EXERCISE:
Leave out all pictures. Extract exactly the lines from the one containing "Jewelry_article_5.jpg" through the end of the data.

INFORMATION SUPPLIED:
______
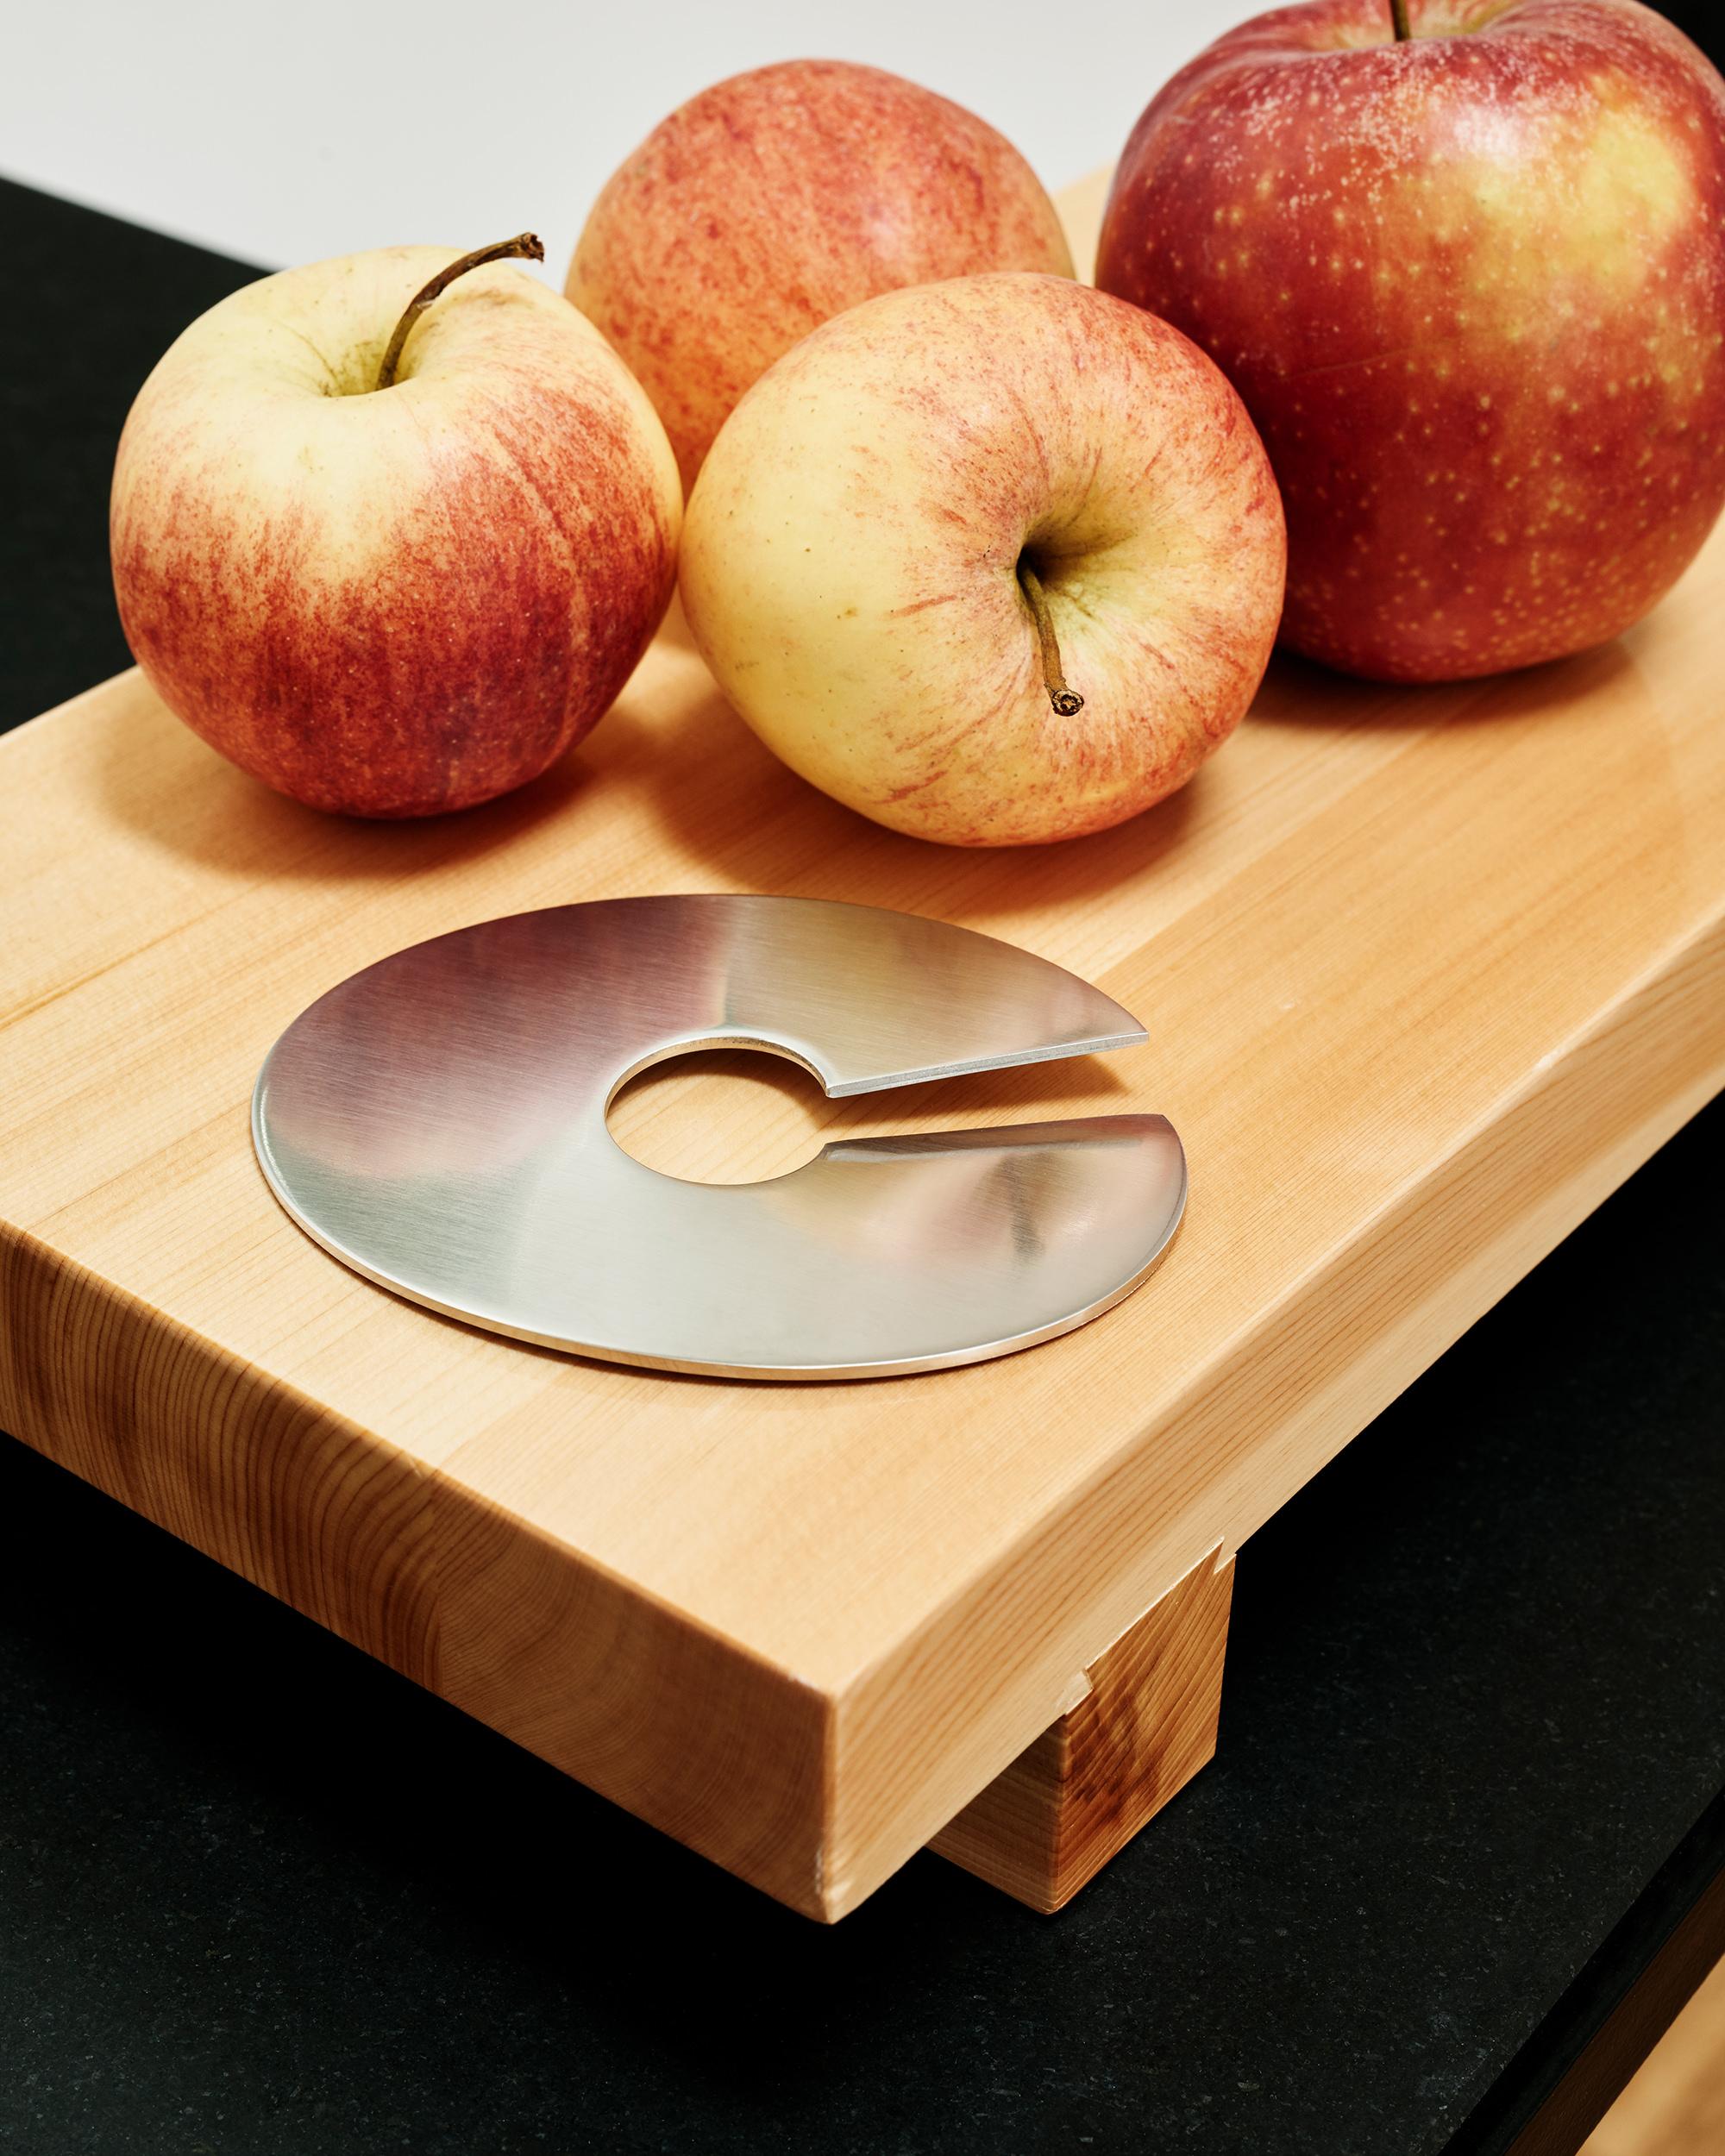 Mono Giro Apfelschneider Apple slicer Credits Fabian Frinzel
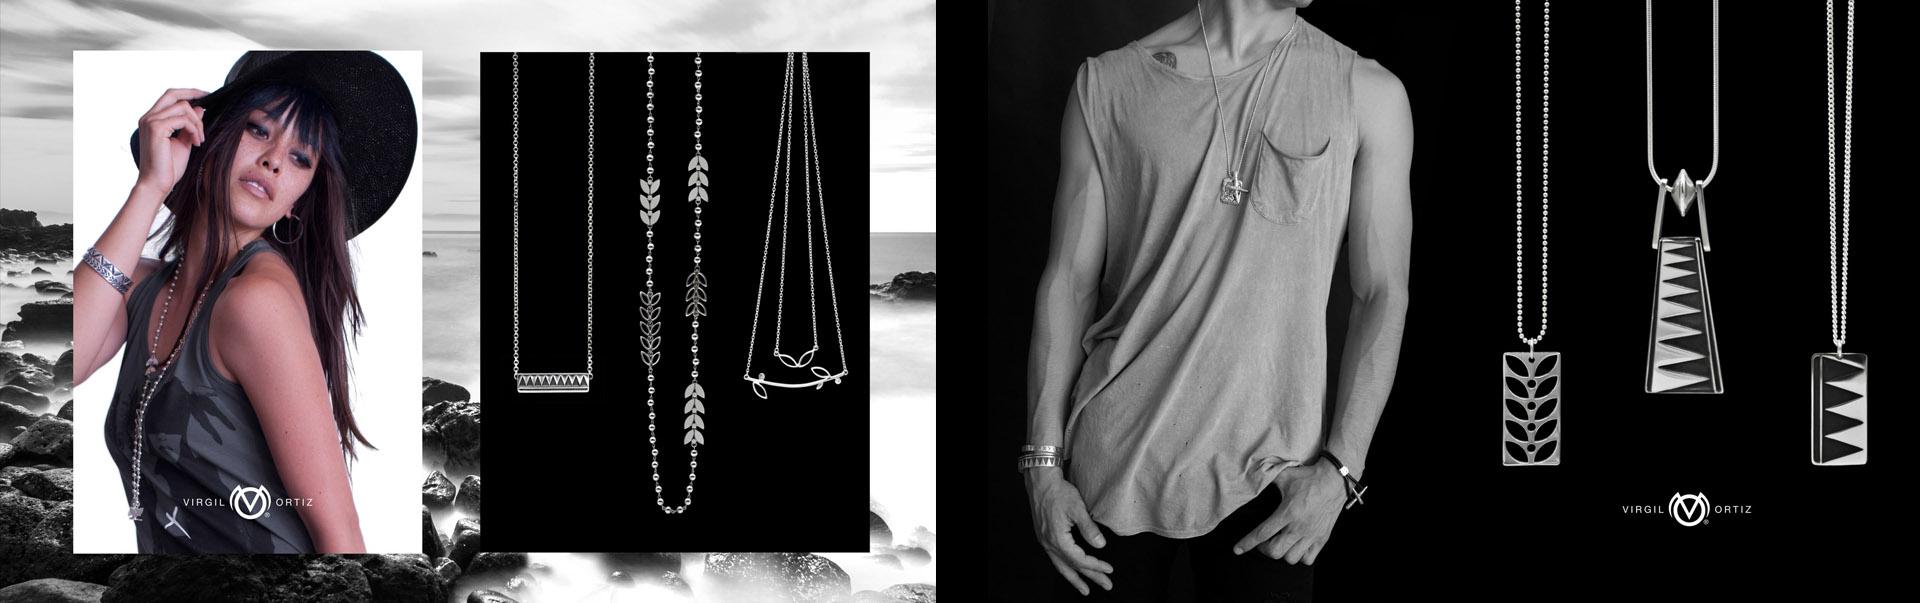 Jewelry_article_5.jpg
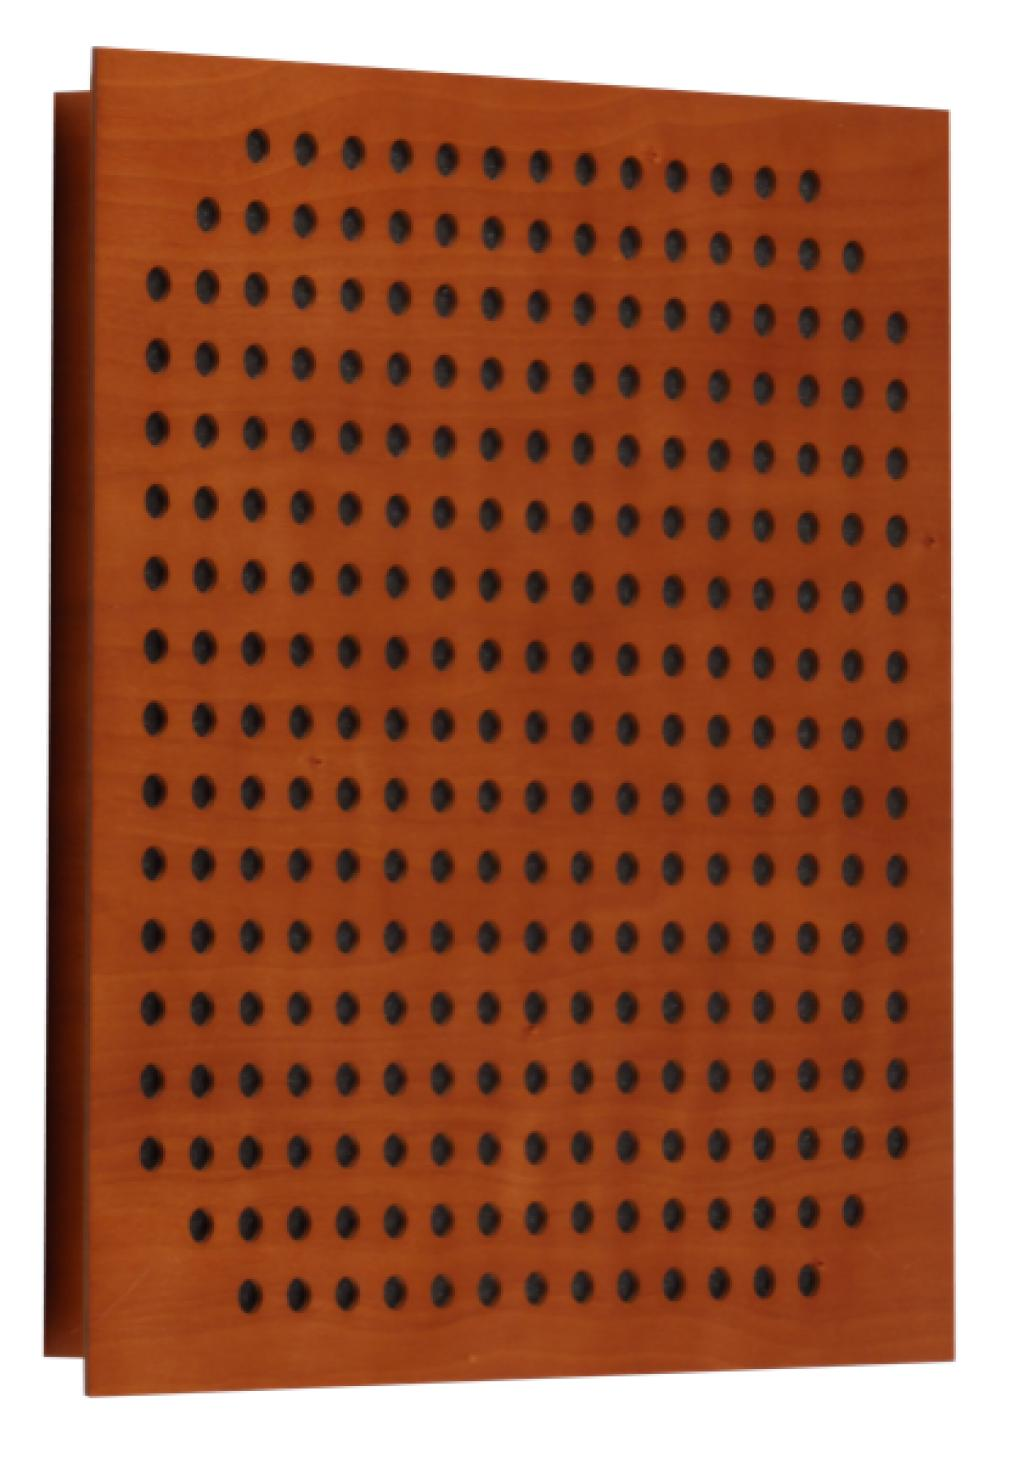 Panou Fonoabsorbant Vicoustic Square Tile 60.4 Wen
______
ANSWER BELOW:
 Jewelry_article_5.jpg
 Panou Fonoabsorbant Vicoustic Square Tile 60.4 Wen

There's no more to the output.